Table 11 Spearman correlation coefficient analysis for the decision parameters

Conclusion

Operational cost and risks are major concerns for the oil and gas industry worldwide. In this context, the industry needs a strategy that addresses the aforementioned issues and uncertainties involved in the design of real-world trajectory design problem. Meanwhile, a real-world trajectory was mathematically modelled using a probability density function to account for uncertainty.
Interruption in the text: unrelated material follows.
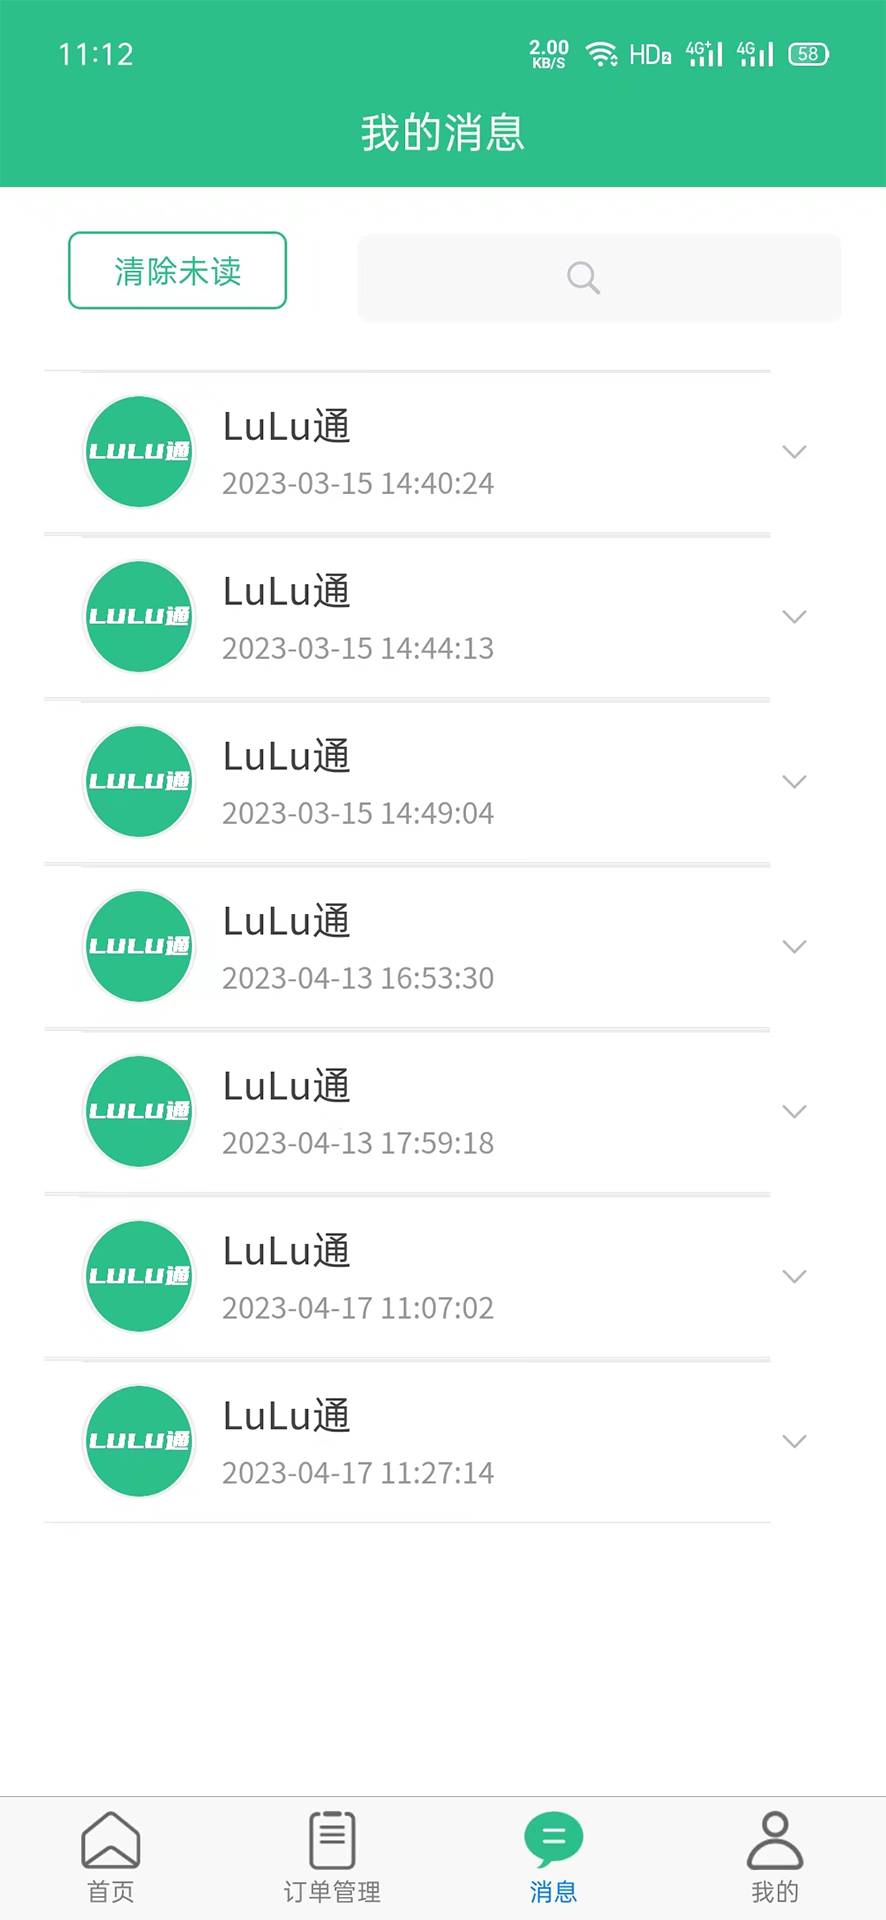 LuLu通司机版APP最新版图1:

In this scenario, this work established a model termed the “modified MOCSHO”, which enables the operator to fix the optimal parameter with the least amount of uncertainty possible during trajectory design. The original SHO algorithm was improved during hybridization by adapting the slow diffusion mechanism of CA and the velocity update mechanism of PSO. These two approaches contributed significantly to overcoming the SHO's drawbacks, as demonstrated by the proposed algorithm's performance during trajectory optimization and improved performance during IGD, MS, SP, and ER analysis. The algorithm achieved lowest value of IGD (0.0106), SP (72.5432), ER (0.1143) and highest value of MS (86.5281) among the compared algorithm during performance evaluation. Thus, it can be concluded that the CA's slow diffusion mechanism aided the SHO in enhancing its exploration capability and avoiding local optima trapping. On the other hand, PSO's velocity update mechanism aided in the enhancement of the hunting mechanism and the maintenance of a more balanced approach to exploration and exploitation. Because the algorithm had to deal with abnormal data in real-world applications, it was updated with an outlier removal mechanism that contributed in reducing uncertainty during trajectory optimization. This research established that the hybrid algorithm version with an outlier removal mechanism outperforms the one without an outlier removal mechanism, as demonstrated by MC analysis. To overcome the disadvantages of fixed neighbourhood topologies (L5, L9, C9, C13, C21, and C25), AN is developed, and IGD analysis demonstrates its superiority. Additionally, this research established that R = 1.5 can improve the performance of AN.